Cory Doctorow wrote an article for Forbes.com entitled Giving It Away, where he explains in more detail how profit can be made from giving your books away on the internet. “Most people who download the book don't end up buying it, but they wouldn’t have bought it in any event, so I haven’t lost any sales, I’ve just won an audience. A tiny minority of downloaders treat the free e-book as a substitute for the printed book--those are the lost sales. But a much larger minority treat the e-book as an enticement to buy the printed book. They're gained sales. As long as gained sales outnumber lost sales, I'm ahead of the game.” Many people aren’t going to buy your stuff anyway so you might as well give it to them for free; people like me who are moochers who never buy anything until it is made for free.
The most important thing that an author can have is the peers of others recommending their book. Doctorow continues, “Nothing sells books like a personal recommendation--when I worked in a bookstore, the sweetest words we could hear were "My friend suggested I pick up...." The friend had made the sale for us, we just had to consummate it. In an age of online friendship, e-books trump dead trees for word of mouth.” That is a main advantage that free distribution provides-people are a lot more likely to buy something from a peers recommendation than from a companies.
“Having my books more widely read opens many other opportunities for me to earn a living from activities around my writing, such as the Fulbright Chair I got at USC this year, this high-paying article in Forbes, speaking engagements and other opportunities to teach, write and license my work for translation and adaptation. My fans' tireless evangelism for my work doesn't just sell books--it sells me.”

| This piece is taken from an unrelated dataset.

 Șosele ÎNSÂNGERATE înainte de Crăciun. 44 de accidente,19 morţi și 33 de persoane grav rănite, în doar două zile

So up until now I may not have paid anything for all the entertainment that I get off of the internet, but I am a fan of some people that I wasn’t a fan of before the internet made it possible for me to discover them. Possibly in the future if they offer something like an event that can’t be ripped, pirated or distributed for free, perhaps then I will end up paying them something. But who knows when or if that ever that will happen.